A video compression method and apparatus is disclosed. The present invention includes a 'smart' or active decoder (Fig. 3) that performs much of the transmission and the instruction burden that would otherwise be required of the encoder, thus greatly reducing the overhead and resulting in a much smaller encoded bitstream. Thus, the corresponding (i.e., compatible) encoder of the present invention can produce an encoded bitstream with a greatly reduced overhead. This is achieved by encoding a reference frame (Fig. 3, element 7) based on the structural information inherent to the image (e.g., image segmentation, geometry, color, and/or brightness), and then predicting other frames relative to the structural information. Typically, the description of a predicted frame would include kinetic information (Fig. 3, element 6) (e.g., segment motion data and/or inexact matches and appearance of new information, and portion of the segment evolution that is captured by motion per se etc.). Because the decoder is capable of independently determining the structural information (and relationships thereamong) underlying the predicted frame, such information need not be explicitly transmitted to the decoder. Rather, the encoder need only send information that the encoder knows the decoder cannot determine on its own.

Description

METHOD AND APPARATUS FOR EFFICIENT VIDEO PROCESSING
1. Brief Introduction
The present invention relates to the compression of motion video data, and more
particularly for a synchronized encoder and smart decoder system for the efficient transmittal and storage of motion video data.
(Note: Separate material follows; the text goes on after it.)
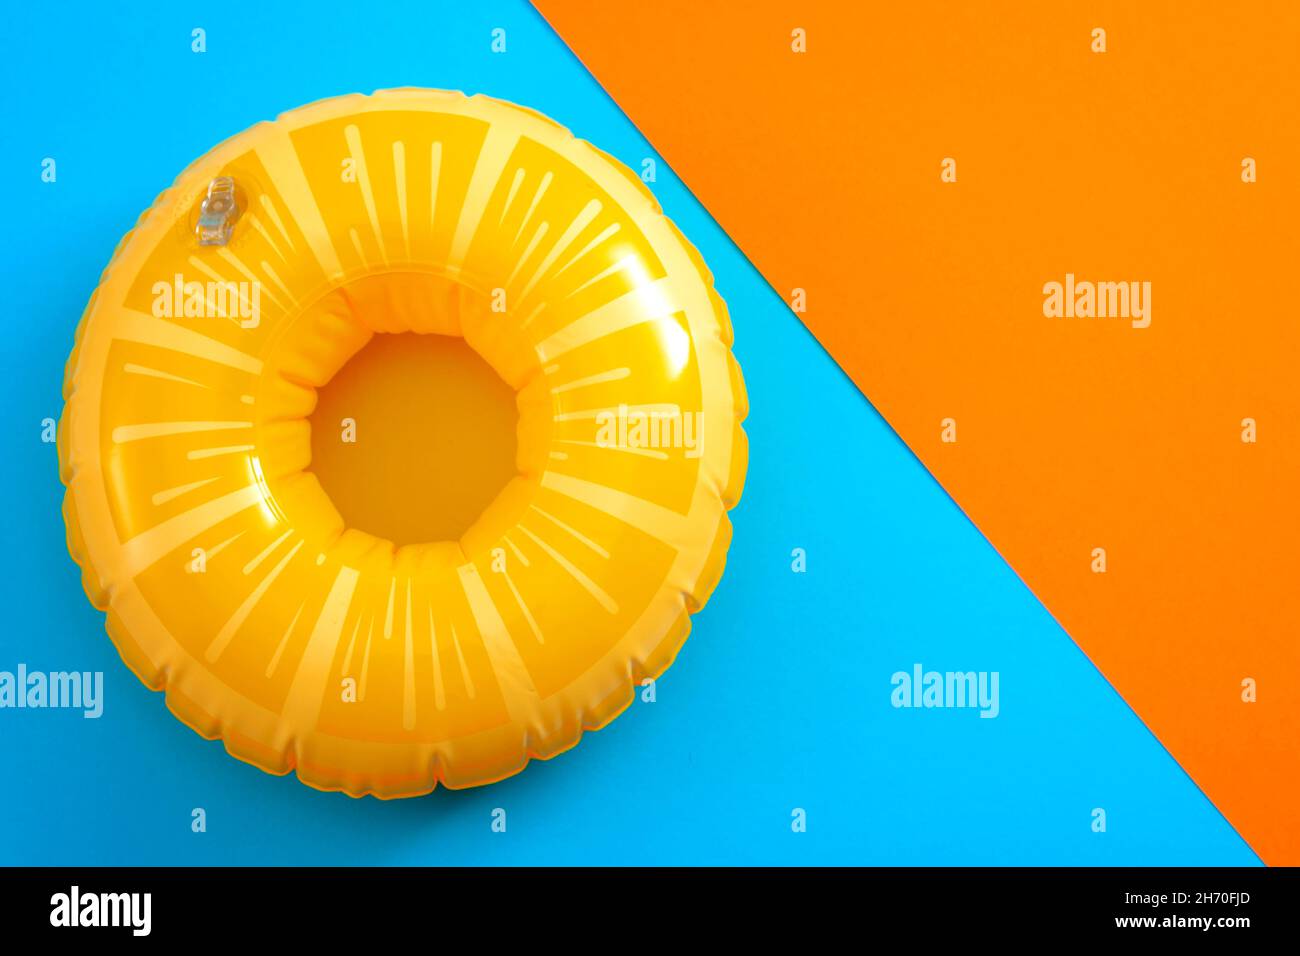 Vacances d'été et équipement de sécurité pour la natation avec une bouée de vie isolée sur un fond minimaliste orange et bleu avec espace copie Banque D'Images

As consumers desire- more motion video
intensive modes of communications, the limited bandwidth of current transmission
modes, such as broadcast, cable, telephone lines, etc. becomes prohibitive. The
introductions of the Internet, and the subsequent popularity the world wide web, video
conferencing, digital and interactive television require more efficient ways of utilizing
existing bandwidth. Further, motion video intensive applications require immense
storage capacity. The advent of multi-media capabilities on most computer systems have
taxed tradition storage devices such as hard drives, to the limit.
Compression, as used in this patent, is the means by which digital motion video
can be represented efficiently and cheaply. The ultimate goal of video compression is to
reduce the bitstream, or video information flow, of the motion video sequences as much
as possible, while retaining enough information so that the decoder or receiver can
reconstruct the video image sequences in a manner adequate for the specific application,
such as television, videoconferencing, etc. The benefit of compression is that it allows
more information to be transmitted in a given amount of time, or stored in a given storage
medium.
Most digital signals contain a substantial amount of redundant, superfluous,
information. For example, a stationary Video scene produces nearly identical images in
each scene. Compression attempts to remove the superfluous information so that the related image frames can be represented in terms of the previous, thus eliminating the
need to transmit the entire scene for each video frame.
2. Previous attempts
There have been numerous attempts at adequately compressing video imagery. These methods generally fall into one of the following two categories: 1) Spatial
redundancy reduction, and 2) Temporal redundancy reduction.
2.1 Spatial Redundancy Removal
The first type of video compression focuses on the reduction of spatial redundancy. Spatial redundancy refers to taking advantage of the correlation among neighboring pixels in order to derive a more efficient representation of the important information in an image frame. These methods are more appropriately termed still image compression routines, as they do not attempt to address the issue of temporal, or frame to frame, redundancy, as explained in section 2.2. They work reasonably well on individual video image frames. However, a critical element in video compression is reducing
temporal redundancy, in other words, not having to retransmit, store, or otherwise fully
represent, information seen in previous frames. Common still image compression
schemes include JPEC, Wavelets, and Fractals. t2.1.1 JPEG/DCT based image compression
One of the first commonly used methods of image compression was the DCT, or
direct cosine transformation, compression system, which is at the heart of JPEG.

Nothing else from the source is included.